强调AI在机器人领域的应用,展示模拟、训练和数据生成方面的进展 -
推出并开源Groot N1人形机器人通用基础模型 -
宣布与DeepMind和迪士尼研究合作开发名为Newton的GPU加速物理引擎
以下中文翻译由 Gemini 2.0 Pro
提供支持。
(0:09-1:01) Introduction: The Age of AI Tokens (引言:AI Token时代)
This is how intelligence is made, a new kind of factory: a generator of tokens, the building blocks of AI.
这就是智能的产生方式,一种新型工厂:生成Token,这是AI的基石。
Tokens have opened a new frontier, the first step into an extraordinary world where endless possibilities are born.
Token开启了新的前沿,这是迈向非凡世界的第一步,在那里,无限的可能性得以诞生。
Tokens transform images into scientific data, charting alien atmospheres and guiding the explorers of tomorrow. They turn raw data into foresight, so next time we’ll be ready.
Token将图像转化为科学数据,描绘外星大气,指引未来的探索者。它们将原始数据转化为远见,让我们为下一次做好准备。
(1:01-1:40) Tokens: Decoding and Unraveling (Token:解码与揭示)

Tokens decode the laws of physics to get us there faster and take us further.
Token解码物理定律,让我们更快到达目的地,走得更远。
Tokens see disease before it takes hold. They help us unravel the language of life and learn what makes us tick.
Token在疾病扎根之前就发现它。它们帮助我们解开生命的语言,了解是什么让我们运转。
(1:40-2:29) Tokens: Connecting and Empowering (Token:连接与赋能)
Tokens connect the dots so we can protect our most noble creatures. They turn potential into plenty and help us harvest our bounty.
Token连接点滴,让我们能够保护最珍贵的生物。它们将潜力转化为富饶,帮助我们收获丰硕的成果。
Tokens don’t just teach robots how to move, but to bring joy, to lend us a hand, and put life within reach.
Token不仅教会机器人如何移动,还教会它们带来欢乐,向我们伸出援手,让生活触手可及。
(2:29-3:30) Nvidia’s Role and Jensen Huang’s Welcome (英伟达的角色与黄仁勋的欢迎)

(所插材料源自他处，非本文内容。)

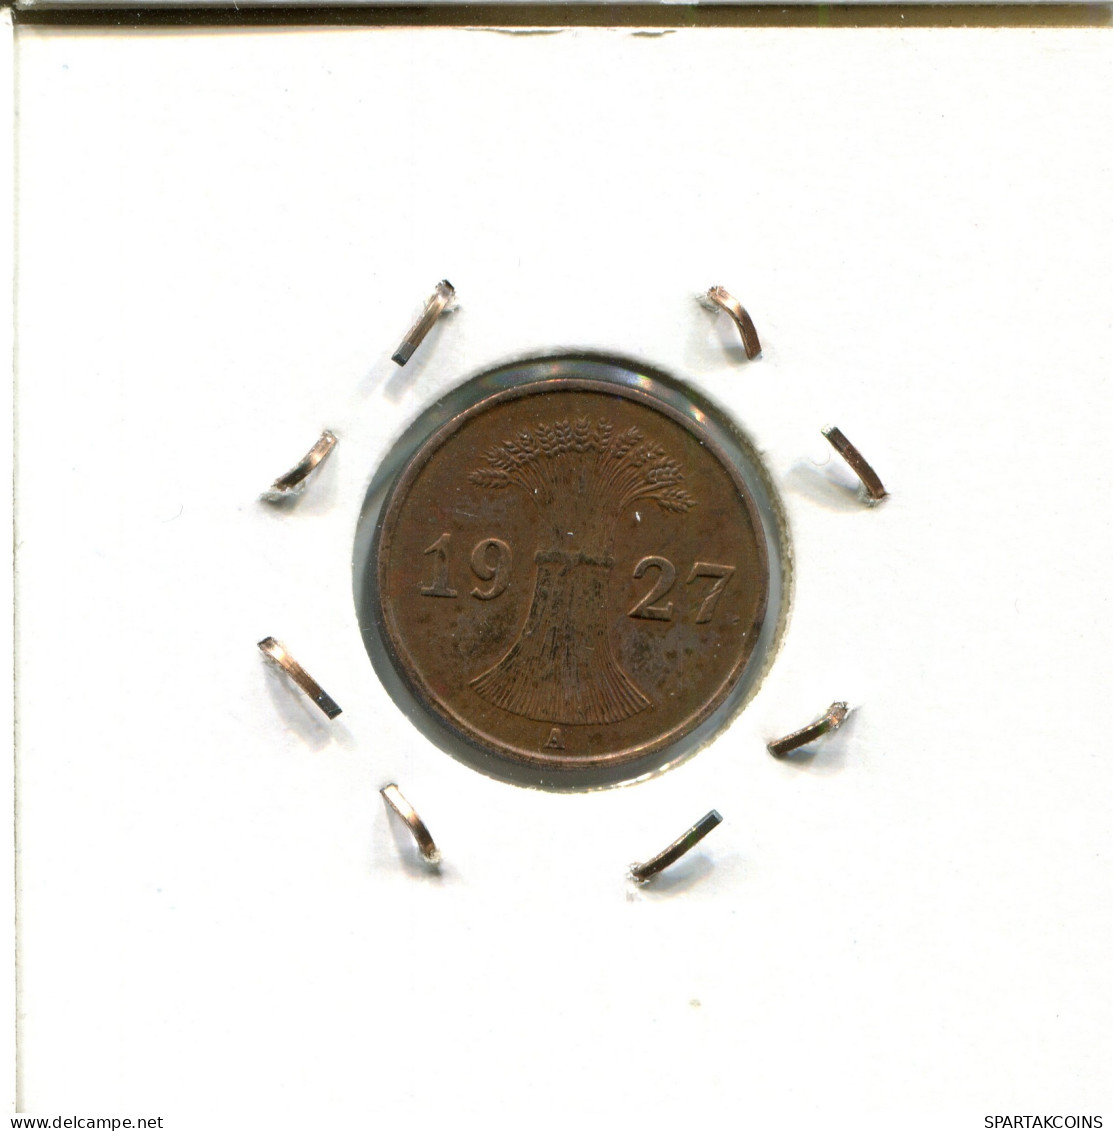 1 RENTENPFENNIG 1927 A GERMANY Coin #DA449.2.U - 1 Rentenpfennig & 1 Reichspfennig

Together, we take the next great leap, to bravely go where no one has gone before. And here is where it all begins. Welcome to the stage, Nvidia founder and CEO Jensen Huang.
携手共进,我们迈出下一个伟大的飞跃,勇敢地前往无人涉足之地。而这一切,都从这里开始。欢迎英伟达创始人兼首席执行官黄仁勋登台。
Welcome to GTC!
欢迎来到GTC!
(3:38-4:49) GTC and Industry Representation (GTC与行业代表)
What an amazing year! We wanted to do this at Nvidia, so through the magic of artificial intelligence, we’re bringing you to Nvidia’s headquarters.
多么精彩的一年!我们想在英伟达做到这一点,所以通过人工智能的魔力,我们将您带到英伟达总部。
I’m up here without a net, no scripts, no teleprompter. I’ve got a lot to cover. First, I want to thank all the sponsors. Just about every single industry is represented: healthcare, transportation, retail, the computer industry… everybody in the computer industry is here.
我在这里没有依靠,没有稿子,没有提词器。我有很多内容要讲。首先,我要感谢所有的赞助商。几乎每个行业都有代表:医疗保健、交通运输、零售、计算机行业……计算机行业的每个人都在这里。
(4:49-6:30) GeForce and the Evolution of AI (GeForce与AI的演变)
GTC started with GeForce. Today, I have here a GeForce 5090. Unbelievably, 25 years later, GeForce is sold out all over the world. This is the Blackwell generation. Comparing it to the 4090, it’s 30% smaller in volume, 30% better at dissipating energy, and incredible performance.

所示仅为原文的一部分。